Full-Length Sequencing.

Several different strategies were used for full-insert cDNA sequencing, including primer walking (http://www-shgc.stanford.edu/Seq/cdnapages/maincdna.html), transposon insertions (8, 9), and concatenated shotgun sequencing (10, 11). Importantly, the DNA sequence quality of all full-insert sequences produced by the MGC Program is extremely high. Each single contiguous sequence has no uncertain base calls (“N's”) and has an estimated average error rate of <1 in 50,000 bp.

Results and Discussion

cDNA Libraries.

More than 100 cDNA libraries, derived from a wide variety of tissues and cell lines and prepared by using several different vector systems and library-construction techniques (complete list at http://mgc.nci.nih.gov), were used to select the putative full-ORF clones. Some libraries were produced by standard methods, with the resulting cDNA clone frequencies approximately proportional to the transcript population in the cells used to make the library. In contrast, other libraries were constructed by using normalization (12) and/or size-selection methods that enhance the identification of large transcripts and transcripts expressed at lower levels. EST (5) sequences were generated to evaluate all cDNA libraries for gene diversity and proportion of full-ORF clones. Classification as full-ORF signifies that, as far as is possible to ascertain, the cDNA sequence contains a complete and authentic protein-coding sequence.

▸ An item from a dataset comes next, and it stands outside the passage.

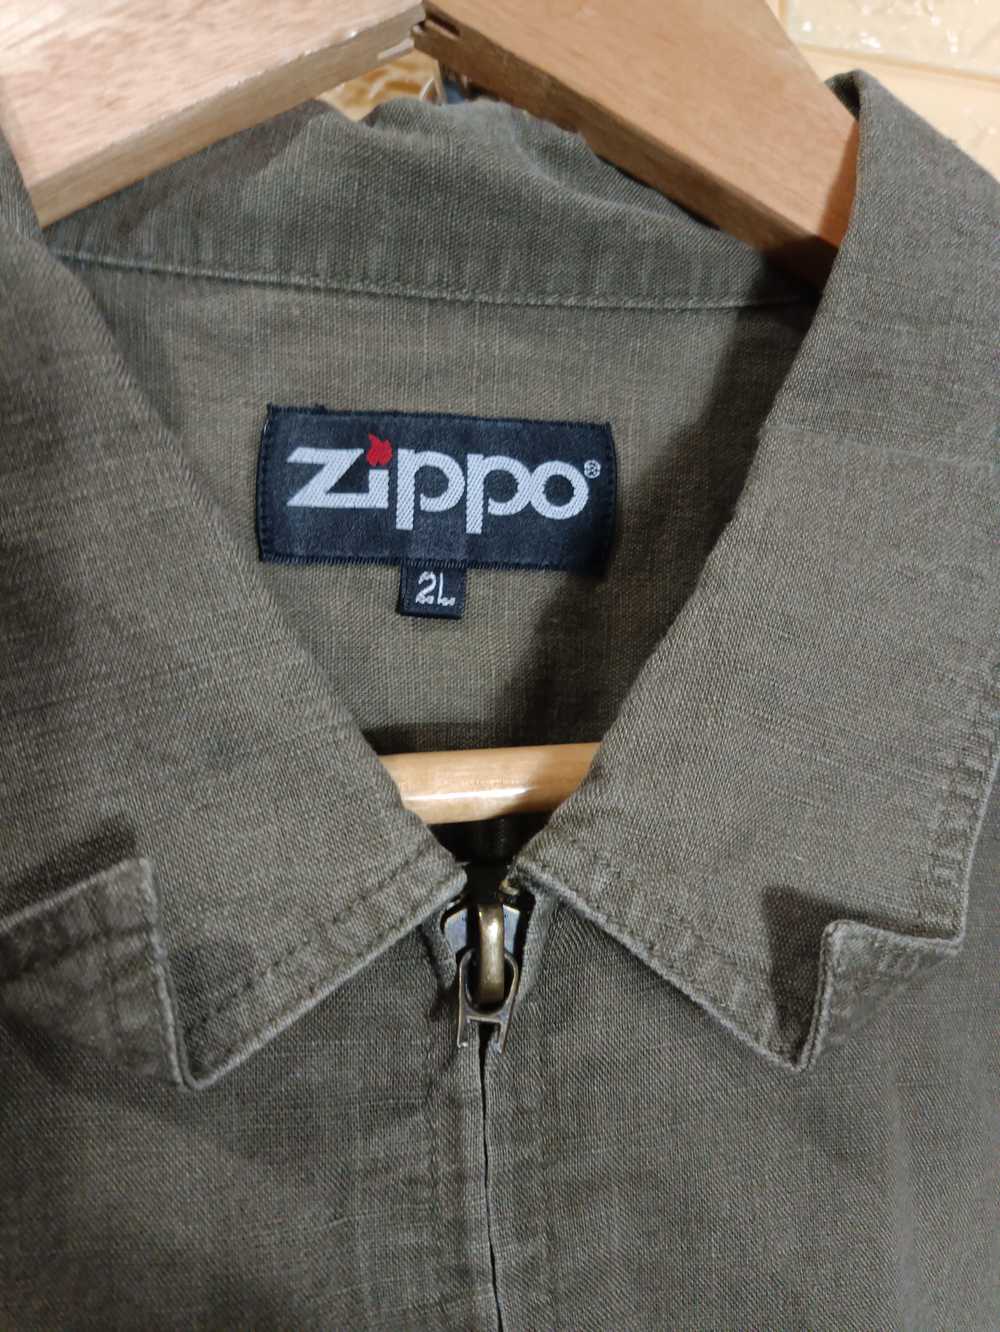 Zippo - Zippo Zipper Jacket - image 6
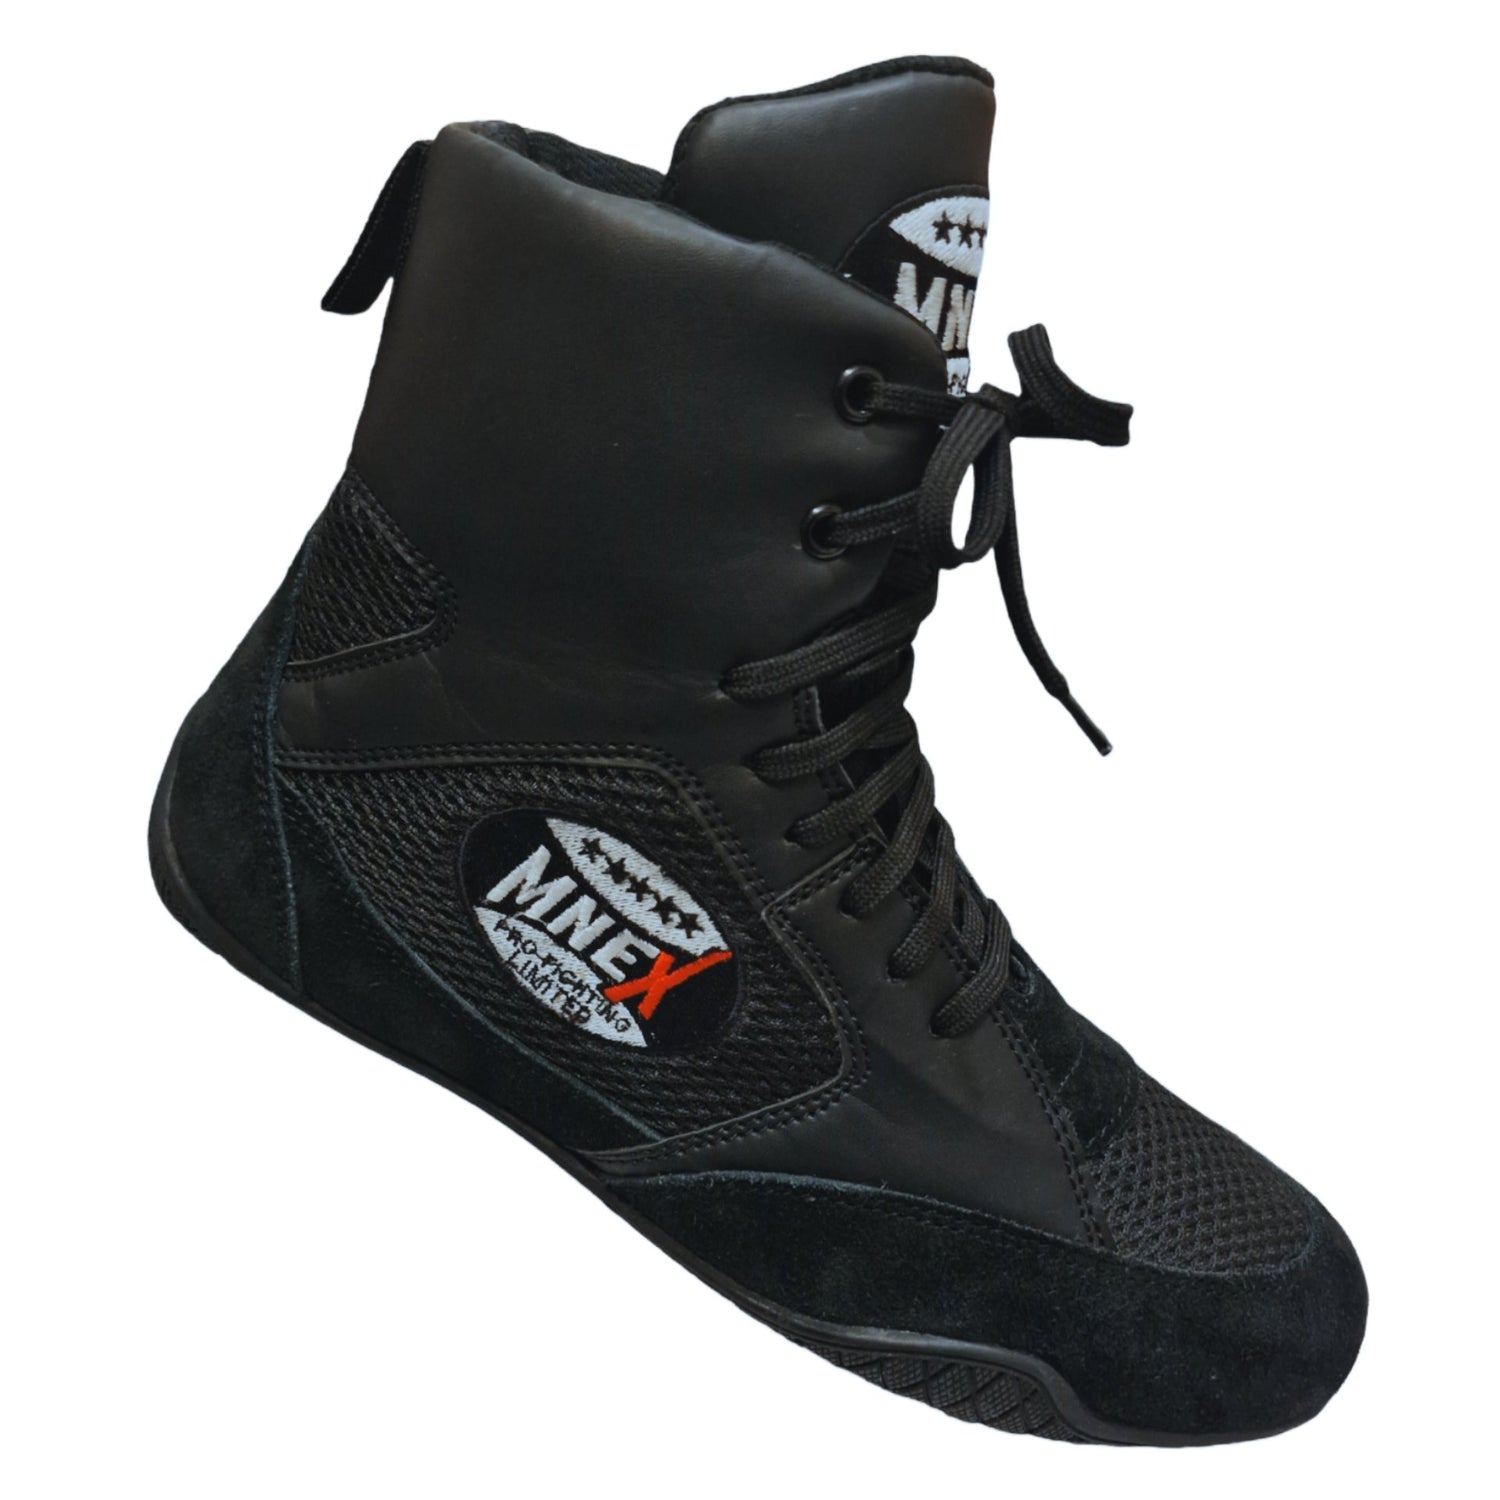 Our Shoes | Boxing Shoes| Wrestling Shoes| MMA Shoes Combat sport shoe ...

Identification and Characterization of Candidate Full-ORF Clones.

For this study, we identified and categorized genes based on the National Center for Biotechnology Information UniGene database (7). In UniGene, GenBank sequences are partitioned into a nonredundant set of clusters, where each cluster contains related sequences and aims to represent a unique gene. Within a cluster are transcripts of various lengths and alternatively processed transcript variants. The common feature linking the cDNAs and ESTs within a cluster is the 3′ sequence adjacent to the poly(A) tail. Because we characterized cDNAs by initially producing 5′ ESTs, in some cases these ESTs did not cluster within UniGene, as intervening sequence data connecting the 3′ and 5′ sequences was not available. For those cases, it was not possible to determine whether two nonoverlapping 5′ ESTs were derived from the same or from a different mRNA. For this and other reasons, we developed criteria to allow us to identify the subset of 5′ ESTs that likely originate at or upstream of the translational start site. Each 5′ EST was subjected to four tests, and clones deemed to be good candidates for having a full-ORF by at least one of the four tests were assigned a reliability score (Fig. 1). The score is based on the false-positive rates that were established for each test by comparing a known set of ESTs and the genes from which they were derived. The 5′ EST with the highest reliability score was selected from each cluster, and the corresponding cDNA clone then was completely sequenced.

When a fully sequenced clone was found to not contain a complete ORF, was found to be chimeric, was associated with a frameshift, or was incompletely processed, then another clone from that cluster was selected for complete sequencing. To date, the MGC Program has sequenced to “finished” standards 12,419 full-ORF human cDNA clones that correspond to 9,530 distinct genes, and 7,456 full-ORF mouse cDNA clones that correspond to 6,368 distinct genes. The MGC includes ≈1,300 human and 1,100 mouse full-ORF cDNA sequences that either did not previously exist or were represented only by partial cDNA sequences in GenBank. The complete inventory of clones and genes sequenced to completion by the MGC Program is available at http://mgc.nci.nih.gov/.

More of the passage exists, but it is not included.